* **Given records**:
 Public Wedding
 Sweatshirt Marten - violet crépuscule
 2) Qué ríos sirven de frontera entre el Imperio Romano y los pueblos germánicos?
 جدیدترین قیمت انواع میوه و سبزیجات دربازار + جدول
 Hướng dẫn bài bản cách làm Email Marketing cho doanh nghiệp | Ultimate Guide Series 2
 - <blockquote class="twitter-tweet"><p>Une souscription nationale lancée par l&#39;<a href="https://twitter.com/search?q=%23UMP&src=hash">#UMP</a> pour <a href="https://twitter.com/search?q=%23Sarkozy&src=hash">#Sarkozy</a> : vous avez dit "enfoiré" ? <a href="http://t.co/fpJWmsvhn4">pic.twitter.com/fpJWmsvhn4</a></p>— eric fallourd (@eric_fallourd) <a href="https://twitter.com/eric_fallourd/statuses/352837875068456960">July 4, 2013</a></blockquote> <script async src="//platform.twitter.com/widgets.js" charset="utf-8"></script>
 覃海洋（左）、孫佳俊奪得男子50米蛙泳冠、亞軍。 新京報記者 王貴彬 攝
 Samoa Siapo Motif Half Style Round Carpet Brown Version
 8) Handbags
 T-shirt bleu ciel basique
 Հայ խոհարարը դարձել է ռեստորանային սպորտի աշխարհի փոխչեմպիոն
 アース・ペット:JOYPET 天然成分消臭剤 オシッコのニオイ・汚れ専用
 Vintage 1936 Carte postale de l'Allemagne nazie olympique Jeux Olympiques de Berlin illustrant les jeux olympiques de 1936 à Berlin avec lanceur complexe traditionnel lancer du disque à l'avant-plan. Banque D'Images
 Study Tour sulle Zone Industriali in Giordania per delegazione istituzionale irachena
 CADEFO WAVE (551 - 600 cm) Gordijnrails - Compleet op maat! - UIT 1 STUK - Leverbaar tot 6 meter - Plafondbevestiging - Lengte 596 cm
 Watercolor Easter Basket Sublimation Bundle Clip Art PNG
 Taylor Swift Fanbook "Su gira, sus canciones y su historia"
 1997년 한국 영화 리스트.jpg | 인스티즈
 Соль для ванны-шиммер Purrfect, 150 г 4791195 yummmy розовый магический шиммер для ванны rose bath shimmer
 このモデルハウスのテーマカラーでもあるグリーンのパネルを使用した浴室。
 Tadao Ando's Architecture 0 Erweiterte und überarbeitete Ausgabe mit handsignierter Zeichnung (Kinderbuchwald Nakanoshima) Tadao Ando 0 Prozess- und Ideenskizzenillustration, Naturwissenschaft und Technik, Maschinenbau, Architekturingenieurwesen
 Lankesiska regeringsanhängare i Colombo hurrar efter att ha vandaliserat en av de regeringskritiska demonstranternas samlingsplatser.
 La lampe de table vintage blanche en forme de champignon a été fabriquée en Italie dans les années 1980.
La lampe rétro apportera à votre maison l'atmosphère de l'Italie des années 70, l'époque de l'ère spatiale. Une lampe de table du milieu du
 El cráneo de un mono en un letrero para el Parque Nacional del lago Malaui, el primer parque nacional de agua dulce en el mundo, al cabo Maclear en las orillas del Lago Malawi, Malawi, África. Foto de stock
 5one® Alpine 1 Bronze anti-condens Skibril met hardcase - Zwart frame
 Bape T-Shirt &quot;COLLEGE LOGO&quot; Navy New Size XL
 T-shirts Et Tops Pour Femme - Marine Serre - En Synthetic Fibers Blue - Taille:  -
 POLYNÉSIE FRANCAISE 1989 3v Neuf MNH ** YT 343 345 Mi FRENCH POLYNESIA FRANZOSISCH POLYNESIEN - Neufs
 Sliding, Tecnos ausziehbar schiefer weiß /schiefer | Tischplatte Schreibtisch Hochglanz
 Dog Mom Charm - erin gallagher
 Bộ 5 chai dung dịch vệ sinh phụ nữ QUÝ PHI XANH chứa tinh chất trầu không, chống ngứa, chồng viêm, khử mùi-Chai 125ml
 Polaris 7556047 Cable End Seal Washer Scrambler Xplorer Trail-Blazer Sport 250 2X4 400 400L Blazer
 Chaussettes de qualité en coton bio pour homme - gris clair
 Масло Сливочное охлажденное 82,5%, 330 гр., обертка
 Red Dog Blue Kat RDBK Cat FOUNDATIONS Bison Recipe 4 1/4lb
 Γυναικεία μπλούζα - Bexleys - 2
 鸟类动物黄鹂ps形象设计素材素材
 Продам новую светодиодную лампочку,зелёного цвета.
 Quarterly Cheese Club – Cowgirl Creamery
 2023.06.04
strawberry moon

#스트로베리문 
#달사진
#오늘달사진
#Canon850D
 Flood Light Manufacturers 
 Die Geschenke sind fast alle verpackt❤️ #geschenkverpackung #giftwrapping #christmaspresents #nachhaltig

* **Task to carry out**: Each line must be set down again exactly as above, with no line omitted.

* **Exercise answer**:
 Public Wedding
 Sweatshirt Marten - violet crépuscule
 2) Qué ríos sirven de frontera entre el Imperio Romano y los pueblos germánicos?
 جدیدترین قیمت انواع میوه و سبزیجات دربازار + جدول
 Hướng dẫn bài bản cách làm Email Marketing cho doanh nghiệp | Ultimate Guide Series 2
 - <blockquote class="twitter-tweet"><p>Une souscription nationale lancée par l&#39;<a href="https://twitter.com/search?q=%23UMP&src=hash">#UMP</a> pour <a href="https://twitter.com/search?q=%23Sarkozy&src=hash">#Sarkozy</a> : vous avez dit "enfoiré" ? <a href="http://t.co/fpJWmsvhn4">pic.twitter.com/fpJWmsvhn4</a></p>— eric fallourd (@eric_fallourd) <a href="https://twitter.com/eric_fallourd/statuses/352837875068456960">July 4, 2013</a></blockquote> <script async src="//platform.twitter.com/widgets.js" charset="utf-8"></script>
 覃海洋（左）、孫佳俊奪得男子50米蛙泳冠、亞軍。 新京報記者 王貴彬 攝
 Samoa Siapo Motif Half Style Round Carpet Brown Version
 8) Handbags
 T-shirt bleu ciel basique
 Հայ խոհարարը դարձել է ռեստորանային սպորտի աշխարհի փոխչեմպիոն
 アース・ペット:JOYPET 天然成分消臭剤 オシッコのニオイ・汚れ専用
 Vintage 1936 Carte postale de l'Allemagne nazie olympique Jeux Olympiques de Berlin illustrant les jeux olympiques de 1936 à Berlin avec lanceur complexe traditionnel lancer du disque à l'avant-plan. Banque D'Images
 Study Tour sulle Zone Industriali in Giordania per delegazione istituzionale irachena
 CADEFO WAVE (551 - 600 cm) Gordijnrails - Compleet op maat! - UIT 1 STUK - Leverbaar tot 6 meter - Plafondbevestiging - Lengte 596 cm
 Watercolor Easter Basket Sublimation Bundle Clip Art PNG
 Taylor Swift Fanbook "Su gira, sus canciones y su historia"
 1997년 한국 영화 리스트.jpg | 인스티즈
 Соль для ванны-шиммер Purrfect, 150 г 4791195 yummmy розовый магический шиммер для ванны rose bath shimmer
 このモデルハウスのテーマカラーでもあるグリーンのパネルを使用した浴室。
 Tadao Ando's Architecture 0 Erweiterte und überarbeitete Ausgabe mit handsignierter Zeichnung (Kinderbuchwald Nakanoshima) Tadao Ando 0 Prozess- und Ideenskizzenillustration, Naturwissenschaft und Technik, Maschinenbau, Architekturingenieurwesen
 Lankesiska regeringsanhängare i Colombo hurrar efter att ha vandaliserat en av de regeringskritiska demonstranternas samlingsplatser.
 La lampe de table vintage blanche en forme de champignon a été fabriquée en Italie dans les années 1980.
La lampe rétro apportera à votre maison l'atmosphère de l'Italie des années 70, l'époque de l'ère spatiale. Une lampe de table du milieu du
 El cráneo de un mono en un letrero para el Parque Nacional del lago Malaui, el primer parque nacional de agua dulce en el mundo, al cabo Maclear en las orillas del Lago Malawi, Malawi, África. Foto de stock
 5one® Alpine 1 Bronze anti-condens Skibril met hardcase - Zwart frame
 Bape T-Shirt &quot;COLLEGE LOGO&quot; Navy New Size XL
 T-shirts Et Tops Pour Femme - Marine Serre - En Synthetic Fibers Blue - Taille:  -
 POLYNÉSIE FRANCAISE 1989 3v Neuf MNH ** YT 343 345 Mi FRENCH POLYNESIA FRANZOSISCH POLYNESIEN - Neufs
 Sliding, Tecnos ausziehbar schiefer weiß /schiefer | Tischplatte Schreibtisch Hochglanz
 Dog Mom Charm - erin gallagher
 Bộ 5 chai dung dịch vệ sinh phụ nữ QUÝ PHI XANH chứa tinh chất trầu không, chống ngứa, chồng viêm, khử mùi-Chai 125ml
 Polaris 7556047 Cable End Seal Washer Scrambler Xplorer Trail-Blazer Sport 250 2X4 400 400L Blazer
 Chaussettes de qualité en coton bio pour homme - gris clair
 Масло Сливочное охлажденное 82,5%, 330 гр., обертка
 Red Dog Blue Kat RDBK Cat FOUNDATIONS Bison Recipe 4 1/4lb
 Γυναικεία μπλούζα - Bexleys - 2
 鸟类动物黄鹂ps形象设计素材素材
 Продам новую светодиодную лампочку,зелёного цвета.
 Quarterly Cheese Club – Cowgirl Creamery
 2023.06.04
strawberry moon

#스트로베리문 
#달사진
#오늘달사진
#Canon850D
 Flood Light Manufacturers 
 Die Geschenke sind fast alle verpackt❤️ #geschenkverpackung #giftwrapping #christmaspresents #nachhaltig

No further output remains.